- [DATA FOR PROCESSING]
+++

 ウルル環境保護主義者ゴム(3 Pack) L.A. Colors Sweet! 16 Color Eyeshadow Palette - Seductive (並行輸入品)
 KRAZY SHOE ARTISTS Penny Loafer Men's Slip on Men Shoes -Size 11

+++

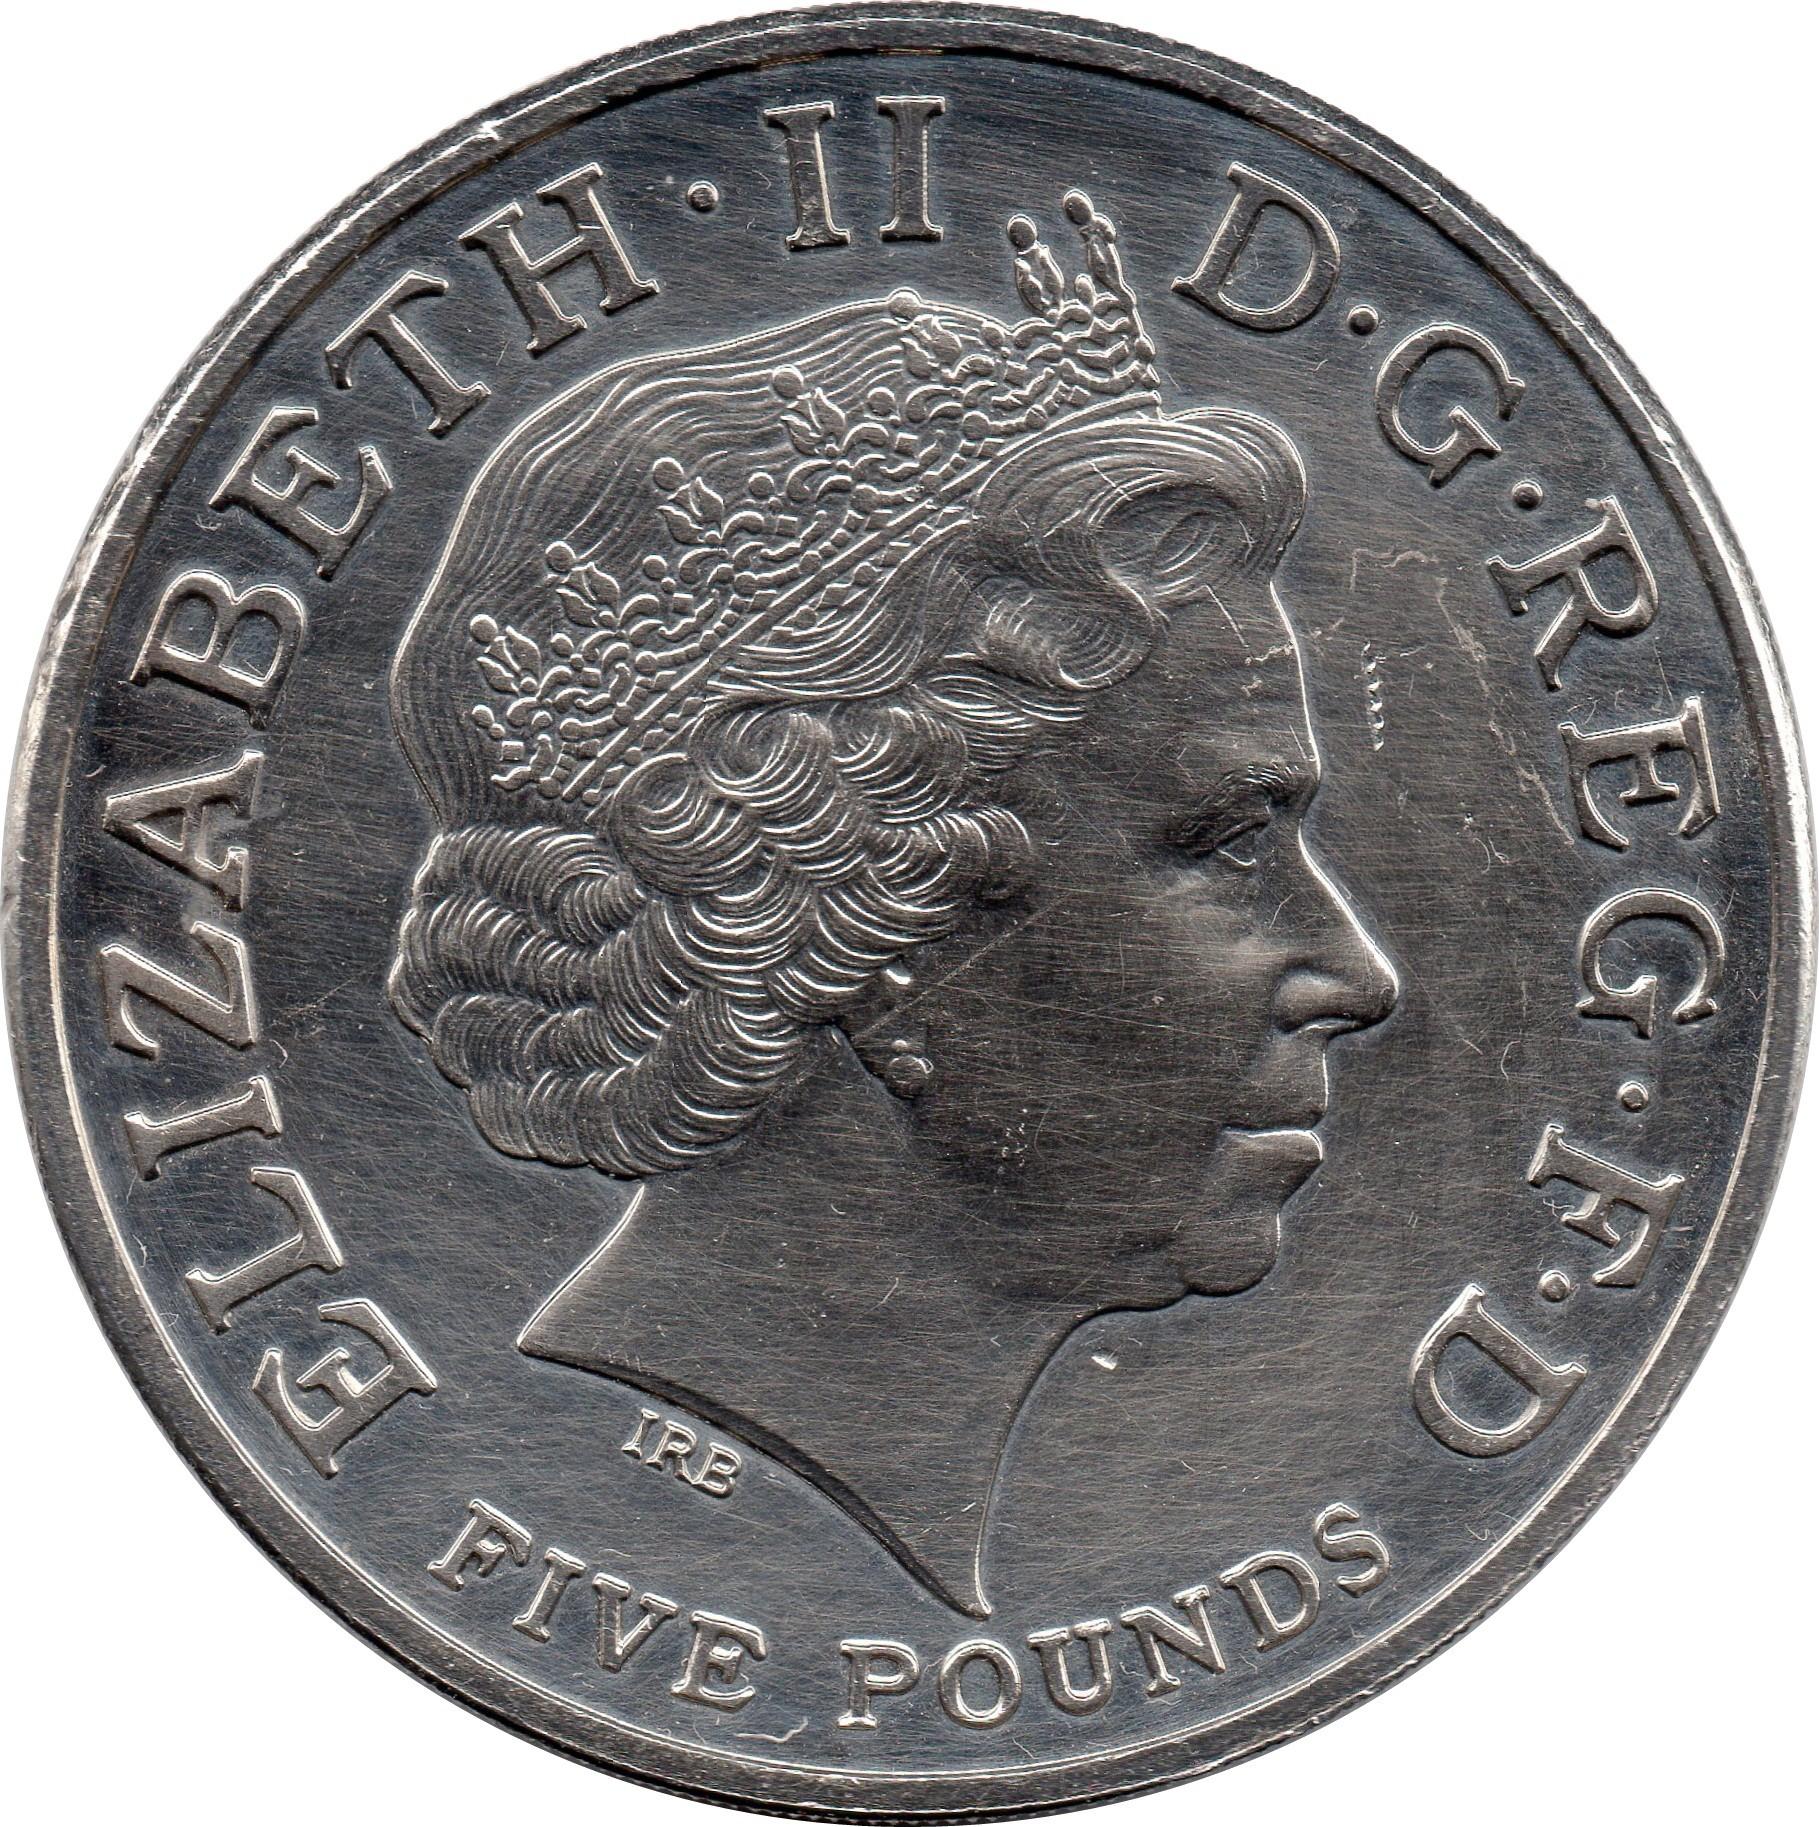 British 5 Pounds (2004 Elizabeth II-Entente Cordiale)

+++

Beginning with the line that has "ウルル環境保護主義者ゴム(3 Pack) L.A." and ending with the line that has "KRAZY SHOE ARTISTS", set down the lines above exactly and include no others.

- [WRITTEN ANSWER]
 ウルル環境保護主義者ゴム(3 Pack) L.A. Colors Sweet! 16 Color Eyeshadow Palette - Seductive (並行輸入品)
 KRAZY SHOE ARTISTS Penny Loafer Men's Slip on Men Shoes -Size 11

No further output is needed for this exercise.